This repository contains an advanced statistical model for predicting expected points in college football, providing valuable insights into play-by-play game situations. By leveraging recursive modeling and Bayesian statistical methods, the project helps evaluate strategic decisions and optimize coaching tactics. I used college football play-by-play data from 2019.
Understanding expected points at different field positions allows teams to make data-driven decisions that can significantly impact game outcomes. This model assists in analyzing the trade-offs between various play calls—such as going for a field goal versus a punt—and supports more informed coaching strategies.
- Recursive Simulation: Simulates play sequences to estimate expected points across various field positions and game scenarios.
- Bayesian Modeling: Utilizes semi-Bayesian methodology by sampling yardage gains and uncertainties, enriching the predictive power of the model.
- Logistic Regression for Field Goals: Provides insight into field goal success probabilities to aid in decision-making between punting, kicking, or advancing the ball.
- Programming Language: R
- Libraries:
tidyverse
for data manipulation and visualizationggplot2
for data visualization
- Statistical Techniques:
- Bayesian sampling
- Logistic regression
- Recursive modeling
-
Logistic regression: Created a glm logistic model using past kick distance and outcomes to simulate kick success probability from coin flip sampling. The probability of success was generated from the linear model with field position as the input.
-
Recursive play simulation (main function): Considering different scenarios based on field position, down, distance, etc., I calculated the expected points from that given position by recursively adjusting the game state until a scoring event occurred by either team. Later, I would use this to simulate many observations from the same situation and average the points scored (negative for opponent score) to get the expected points.
-
Matching statistical distributions to play type outcomes: For non-special teams plays, I categorized possible results into run, sack, short pass, and deep pass. For each of these, I plotted the distribution of resulting yards and mapped each to a corresponding distribution. The yards outcome for each was tweaked slightly depending on where they were on the field (own side, near midfield, field goal range, red zone)

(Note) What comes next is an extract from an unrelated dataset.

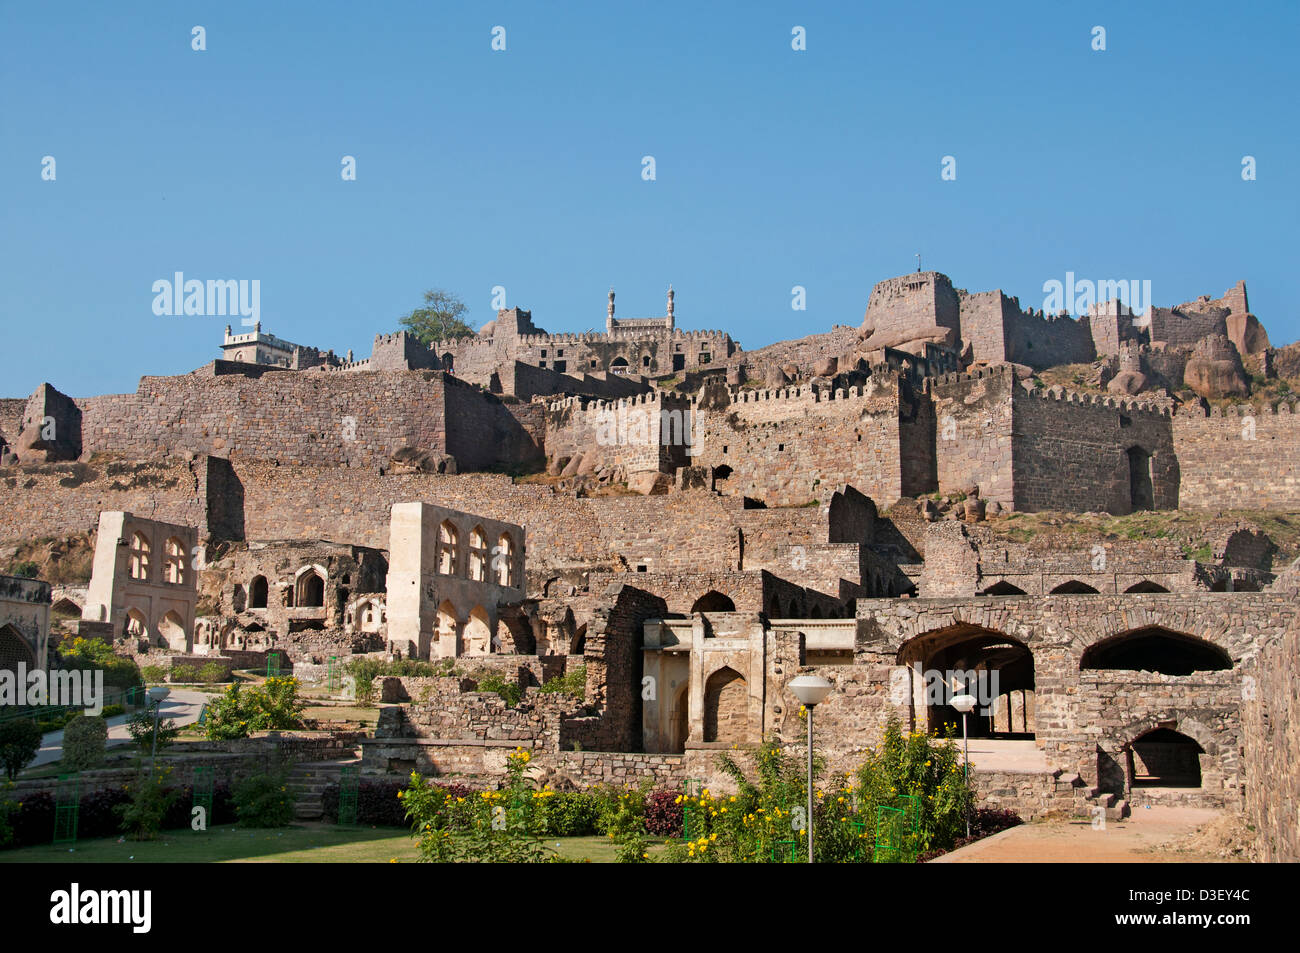 Golkonda Fort ruiniert Hauptstadt des alten Königreichs von Golkonda 1518 – 1687 Hyderabad Indien Andhra Pradesh Stockfoto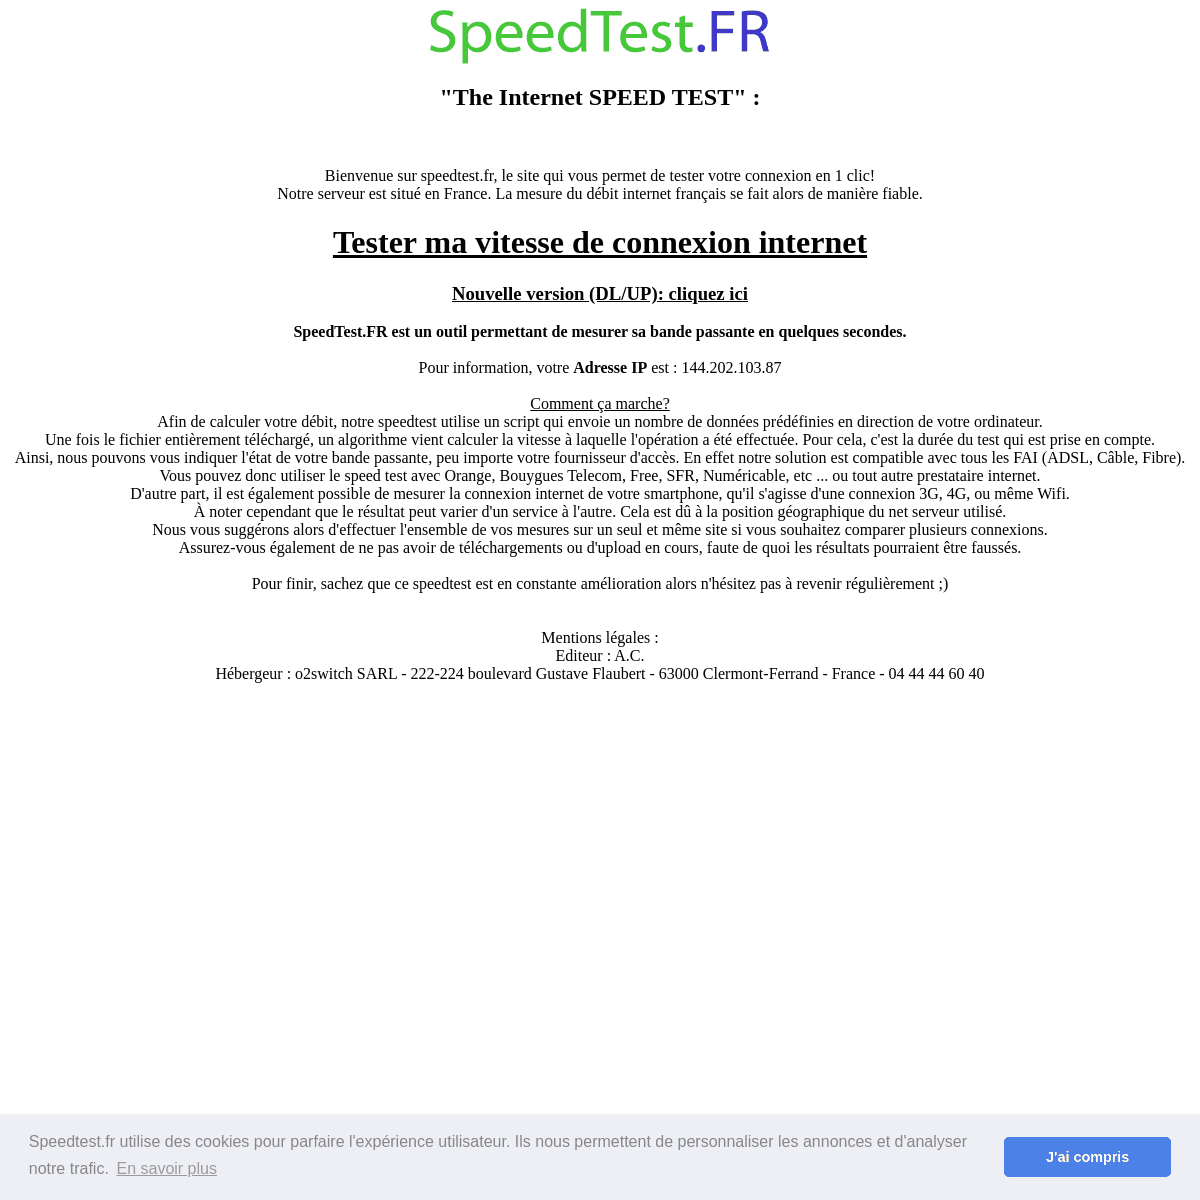 A complete backup of speedtest.fr

- Run: mixture model of two exponential distributions - one for negative runs and one for positive runs (sampled probability of positive/negative outcome before analyzing actual yards gained)
- Sack: negative exponential distribution
- Short pass: normal distribution
- Deep pass: gamma distribution
-
Visualizing yards gained distributions: Used simple plotting in R to visualize expected yards distributions after many runs of each play type.
-
Things that could be improved in future runs
- Efficiency: There was a lot of copy and paste code, especially for analyzing the unique play distributions and storing each individually, that could be performed better using functions.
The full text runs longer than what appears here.